My usual response is a no-cover, but, as Original Poster mentioned in another topic on this Board, I got a nastygram from Harshit about my cancels and no-covers. My response to this is not to accept anything from Gr*yft* that is more than two minutes from me, unless I am trying to work a streak. If I am trying to do that, I set a long destination filter to somewhere in the Metropolitan Area that I will work. Gr*yft* then sends trips that get me partially there, even if they often go out of the way. Still, generally I can avoid parts of the Metropolitan Area that I do not want to work.

Back in the days of Prime Time multipliers, I do not know how many times I got pulled off a 2X Prime Time or better from which I was two blocks to get a switcheroo to a base rate Line that was fifteen minutes from me. Unless I am in the further out suburbs or exurbs, I do not accept anything more than five minutes from me.

F*ub*a*r* used to have this feature, as well, but quietly dropped it.


----------



## 4848 (May 16, 2019)

The switcheroo makes sense for Lyft as it gives them a flexible supply of drivers and arrival times. Lyft can then charge rider accordingly. 

If would make sense for driver if they added bonus money for extending the pickup distance/time driver has to travel. 
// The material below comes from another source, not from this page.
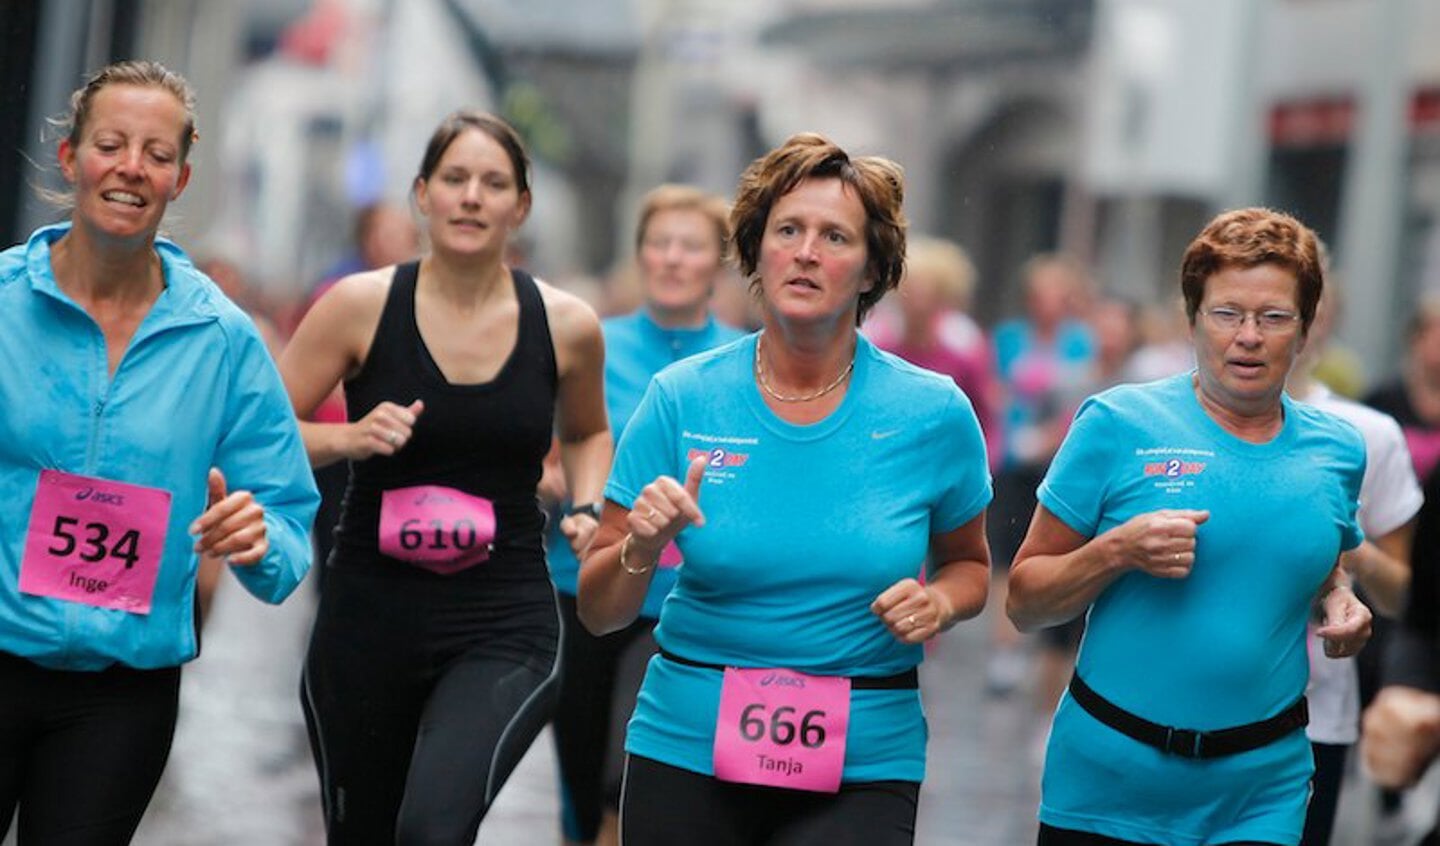 De deelnemers aan vijf kilometer van de eerste Ladiesrun door het centrum van Breda. foto Peter Visser
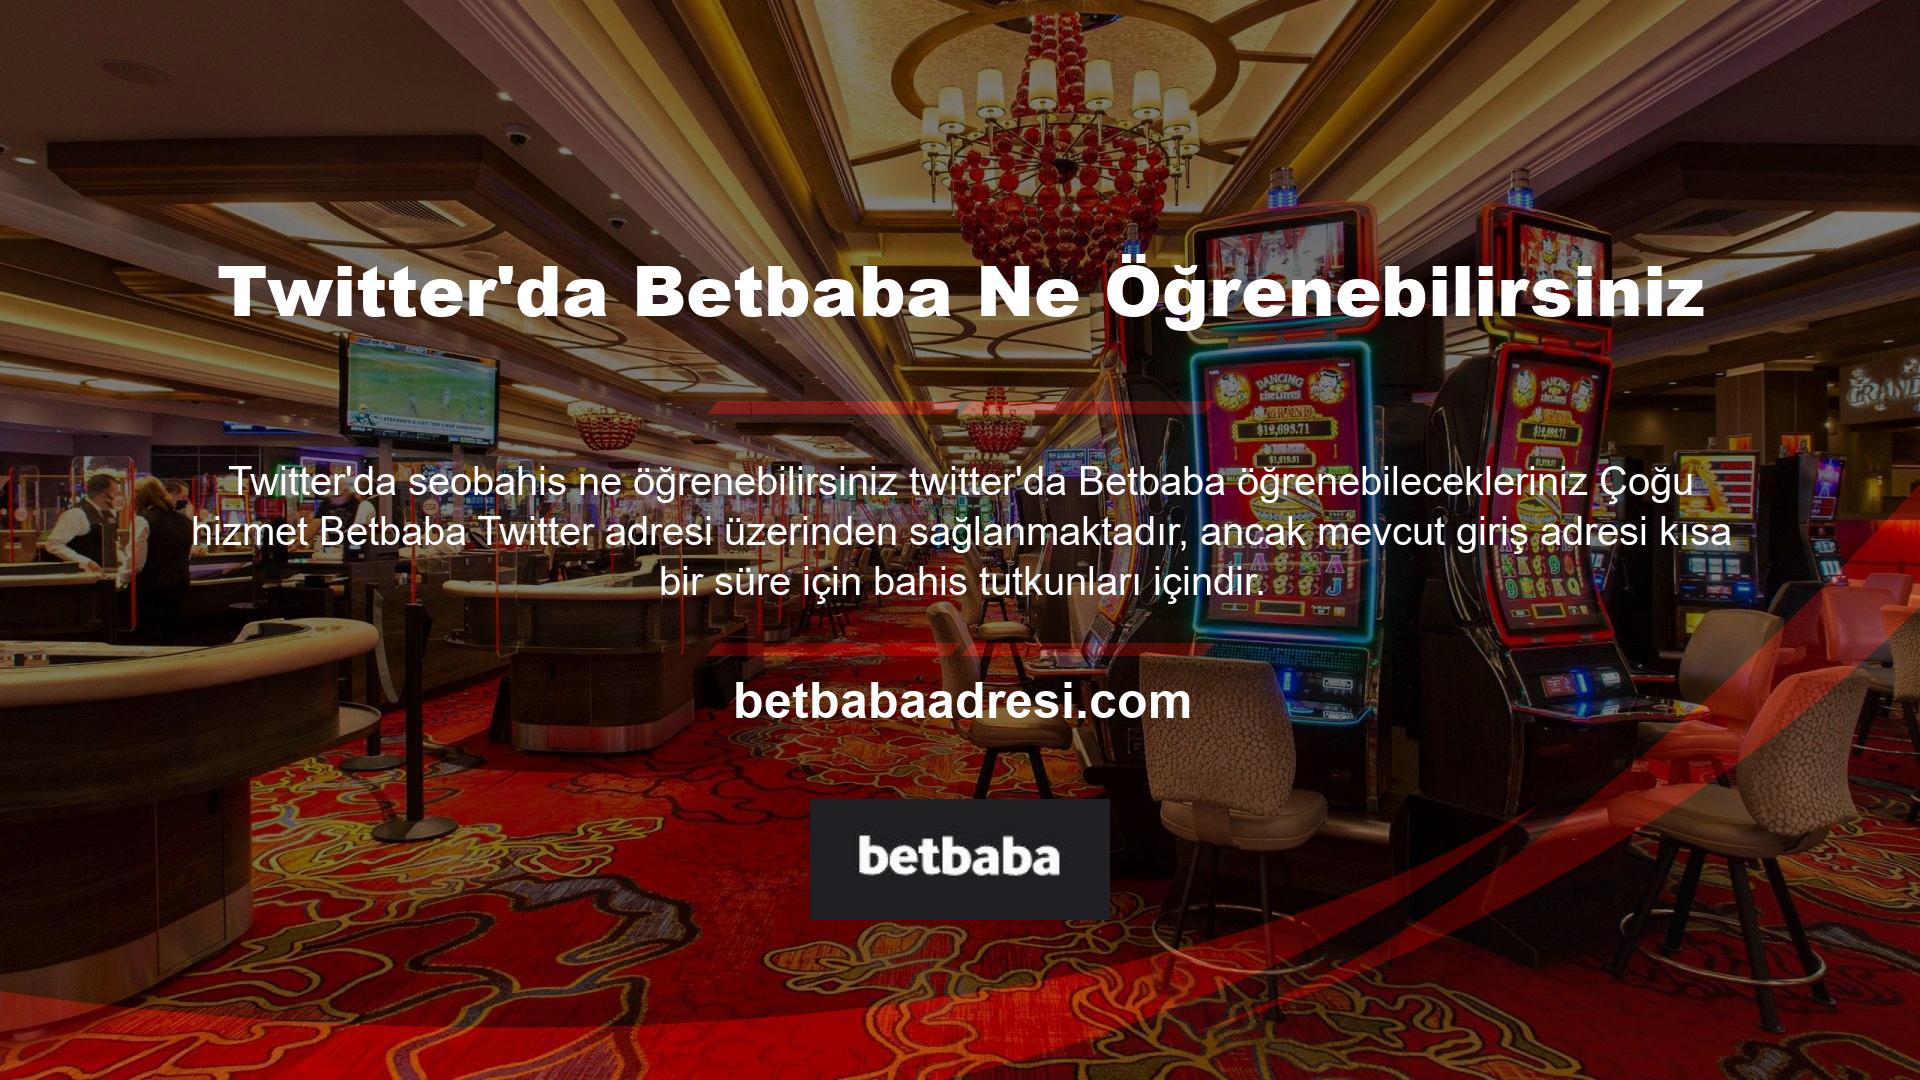 Başlangıçta Betbaba Twitter hesabı bilgilendirme amaçlı kullanıldı

Will never forget the time a pax opened door and was about to sit down when Lyft pulled a switcheroo. We were both like WTF.


----------



## NewLyftDriver (Sep 10, 2021)

I miss Uber so much .... 😢


----------



## Bork_Bork_Bork (May 20, 2019)

Just as a general reminder, especially for the noobs that claim they’re veterans……NEITHER Lyft, nor Uber, will EVER do anything that doesn’t first benefit them. Ever.
Literally every single thing they do, is designed to maximize their income. They don’t care how much you do, or don’t, make. As BOTH CEOs have said, drivers are a necessary evil at this time. But don’t worry, they’re doing all they can to eliminate them.


----------



## NewLyftDriver (Sep 10, 2021)

Bork_Bork_Bork said:


> NEITHER





Bork_Bork_Bork said:


> EVER





Bork_Bork_Bork said:


> BOTH


Stop yelling at me. I'm sensitive 😢


----------



## Bork_Bork_Bork (May 20, 2019)

NewLyftDriver said:


> Stop yelling at me. I'm sensitive 😢


Have you tried more lube? It’ll make it easier on you, ass.
Oops, meant your.


----------



## NewLyftDriver (Sep 10, 2021)

Can't afford it. Will have to settle with spit.


----------



## Bork_Bork_Bork (May 20, 2019)

NewLyftDriver said:


> Can't afford it. Will have to settle with spit.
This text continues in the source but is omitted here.